Q: How much has Johns Hopkins embraced professional education for part-time students?

A: Every single school is working with part-time students, one way or another. Johns Hopkins has a huge commitment to educational programs to part-time learners, and we passed the "threshold" in academic year 1992/1993, the year the Advanced Academic Programs [then called the Part-Time Graduate Programs] was founded: From that point until today, the number of master's degrees conferred on part-time students has exceeded the number of master's degrees conferred on full-time students. The numbers are quite significant.

Q: We have dropped the "part-time" moniker from the name of the Arts and Sciences program. Why?

A: It does increasingly have a negative connotation. We did a survey of the names across the country, and "professional programs" has become the more common term. The other term is "continuing education," but that has also sort of dropped out of favor.

Q: Why is AAP good for Johns Hopkins?

A: One of the questions we must continue to ask is, Why does the university have a commitment to part-time education? There really are two reasons for the commitment. One is that there is a public service obligation that the university feels, and has felt, since the beginning, and it hasn't changed — to reach out as a way of disseminating the research that we have so successfully accomplished and are accomplishing at the university. Education is one way to disseminate those research results. In the beginning, there were public lectures; today, it's degrees and certificates. The MLA program here, for example, has a long history, and there are people who would rise in protest if we suddenly said we are not going to have that program anymore. It's a public service.
    The second reason is financial. I don't think we should shy away from that. There are financial reasons why we have other programs elsewhere in the university as well.
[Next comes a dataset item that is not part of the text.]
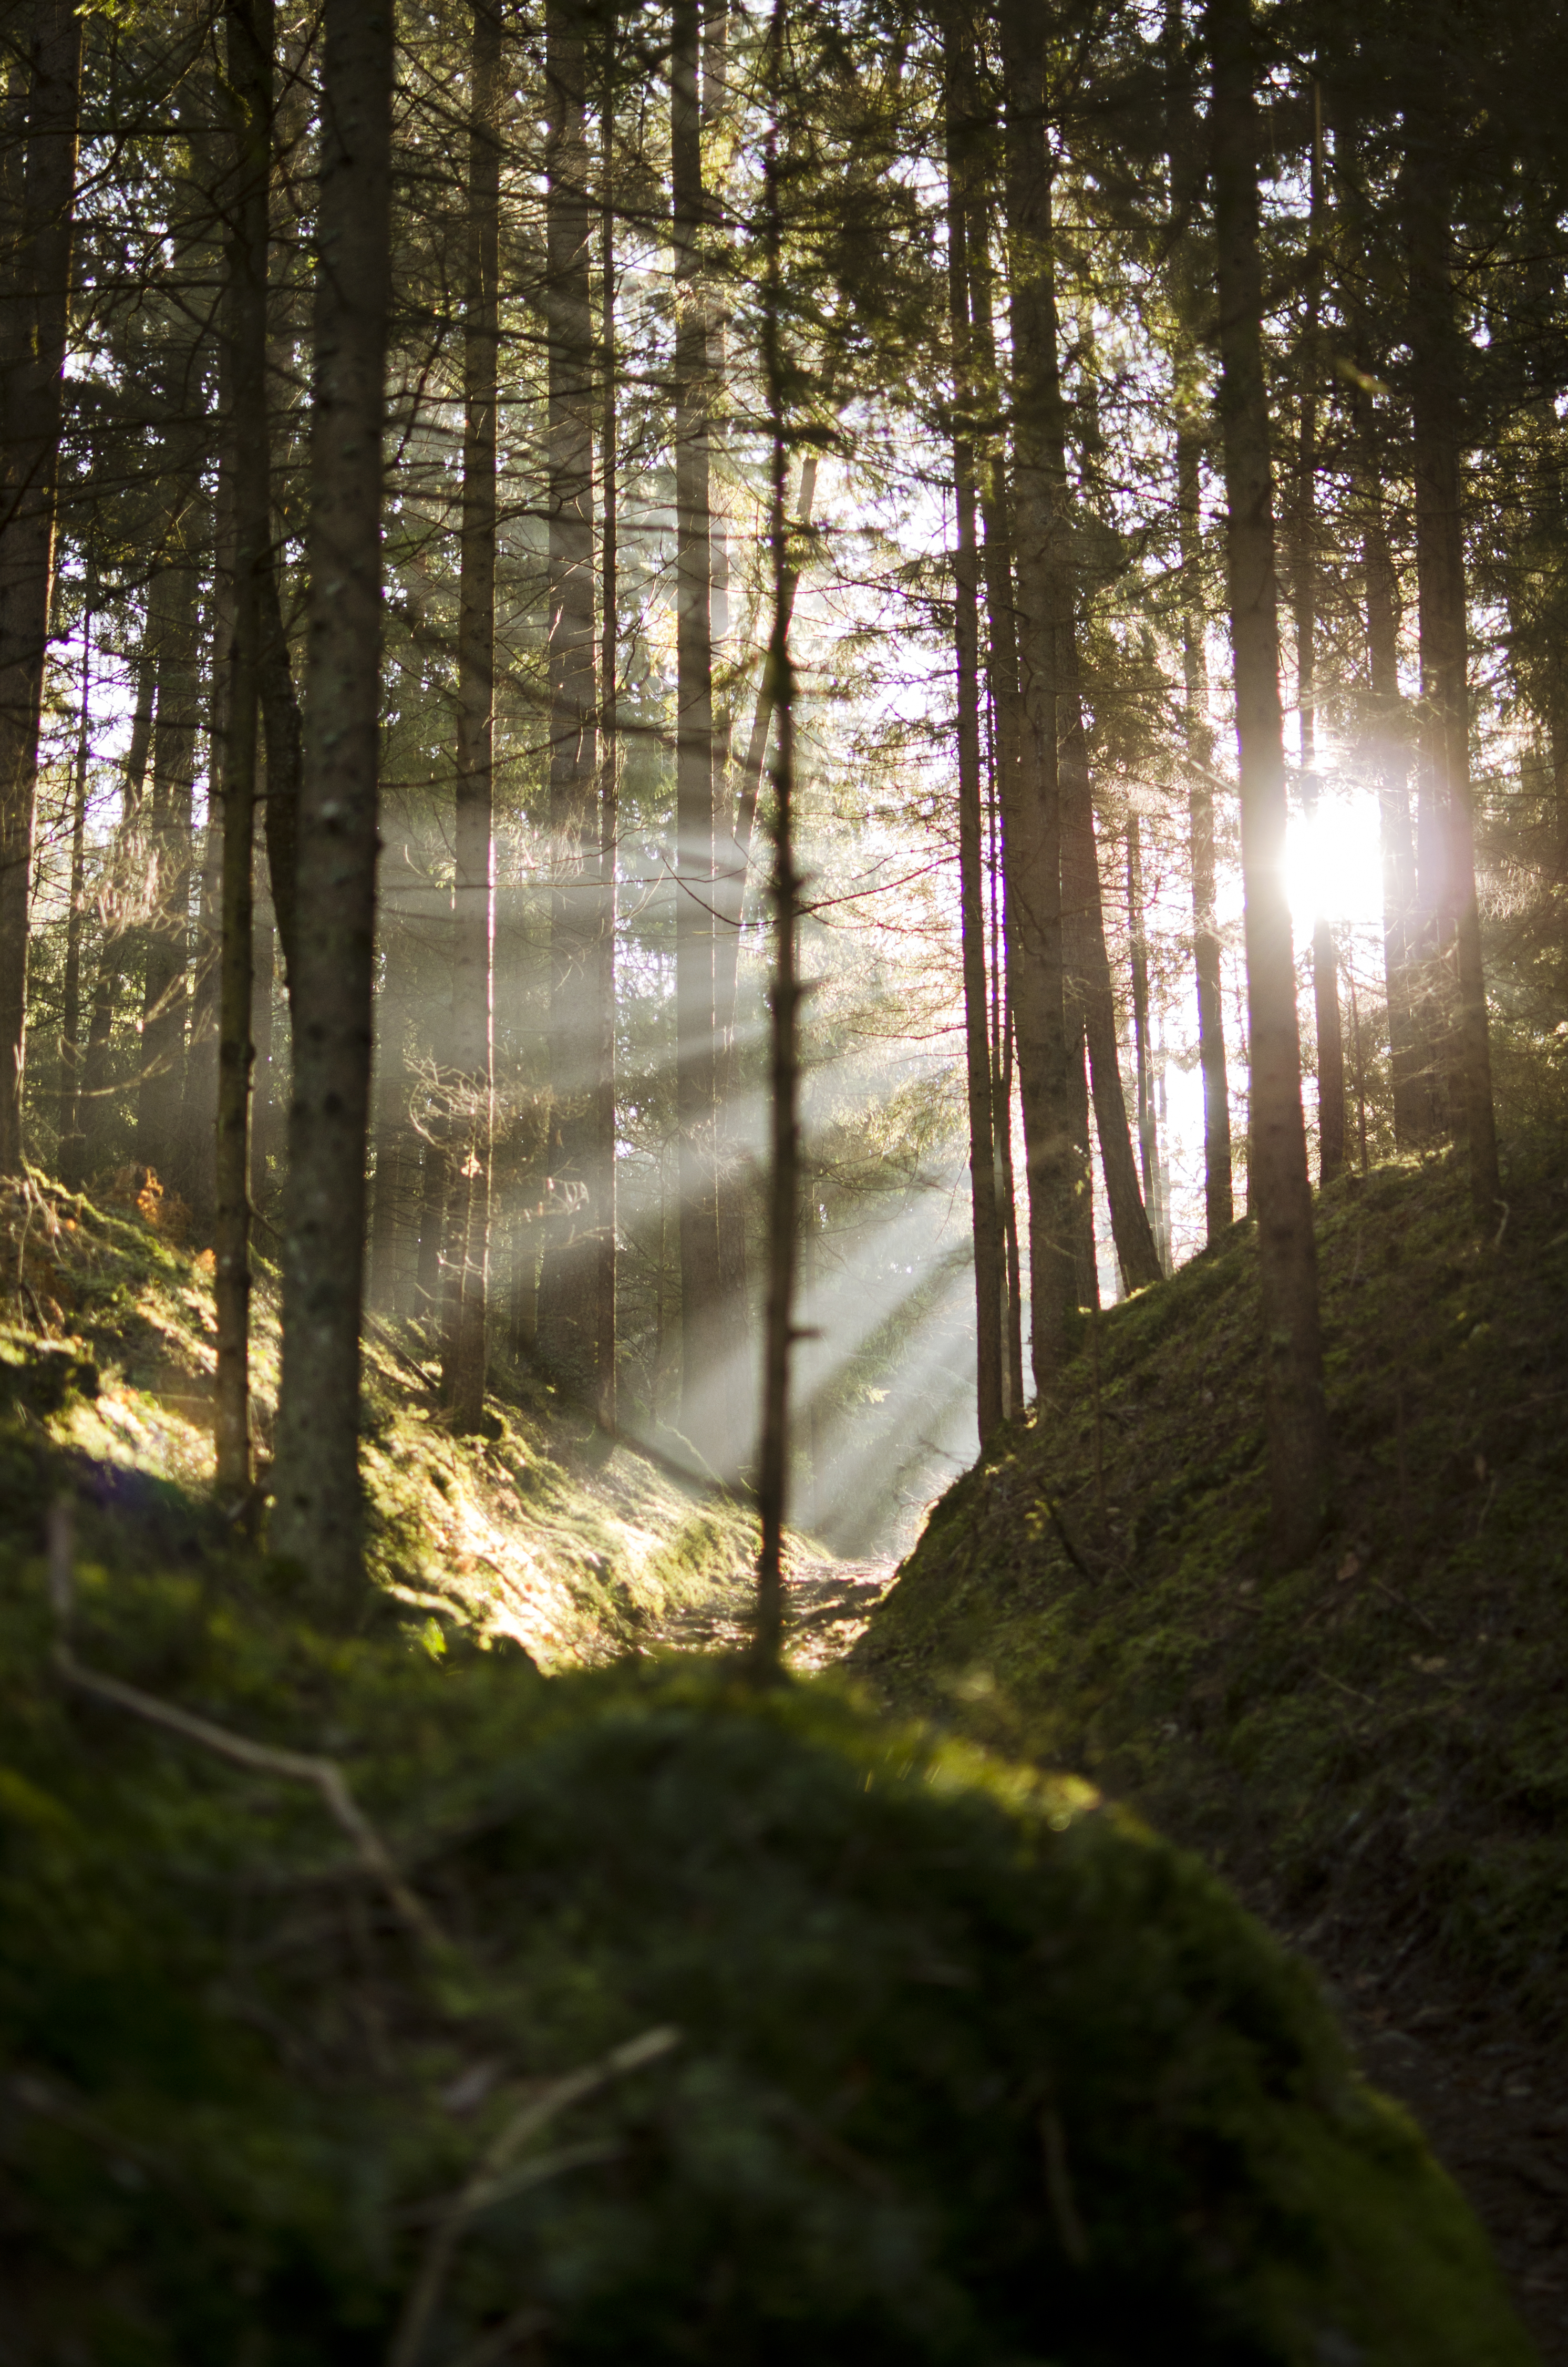 Wallpaper Full HD nature, trees, beams, rays, forest, branches

Part-time programs generate revenue that is used to help develop and underscore the research elements of the university. It is an important aspect of the life cycle to the university. If you just focus on the financial reasons, you get a distorted view, but it's one reason we have part-time programs. It completely furthers the mission of the university. It goes back to the beginning. It's a core institutional value.

Q: Would you agree there might be some risk involved in expanding too much and diluting the Johns Hopkins name?

A: Right. Which is why the answer to expanding is not simply to get more students, offer more degrees so we can make more money. Is it the appropriate program? Can we do it in a quality way? Does it further the mission of the university? If all of those things are satisfied, then sure, we should expand.

Q: What are the main challenges you face?

A: Growth. We can't add programs just because George Washington University or someone else has added a program and we aim to go head-to-head with them. Again, it goes back to the question, Does it make sense for Johns Hopkins to do it?
    I have a real simple vision for AAP, and that is that I want it to be the highest-quality, most sought-after part-time graduate program in Arts and Sciences in the country. I didn't say I want it to be the biggest; I want it to be the highest quality, because people associate the name Johns Hopkins with the highest quality. We are not going to have a program that drags down that quality.
    I want it to be the most sought after because I want it to set the best practices in the country for student and faculty services so people say you have a good experience if you come to AAP. You not only come to learn what you've enrolled for, but you are going to recommend it to someone else because it was a good experience for you as well. Although we have sizable marketing budgets, 70 percent of the students come because a friend recommended the program to them.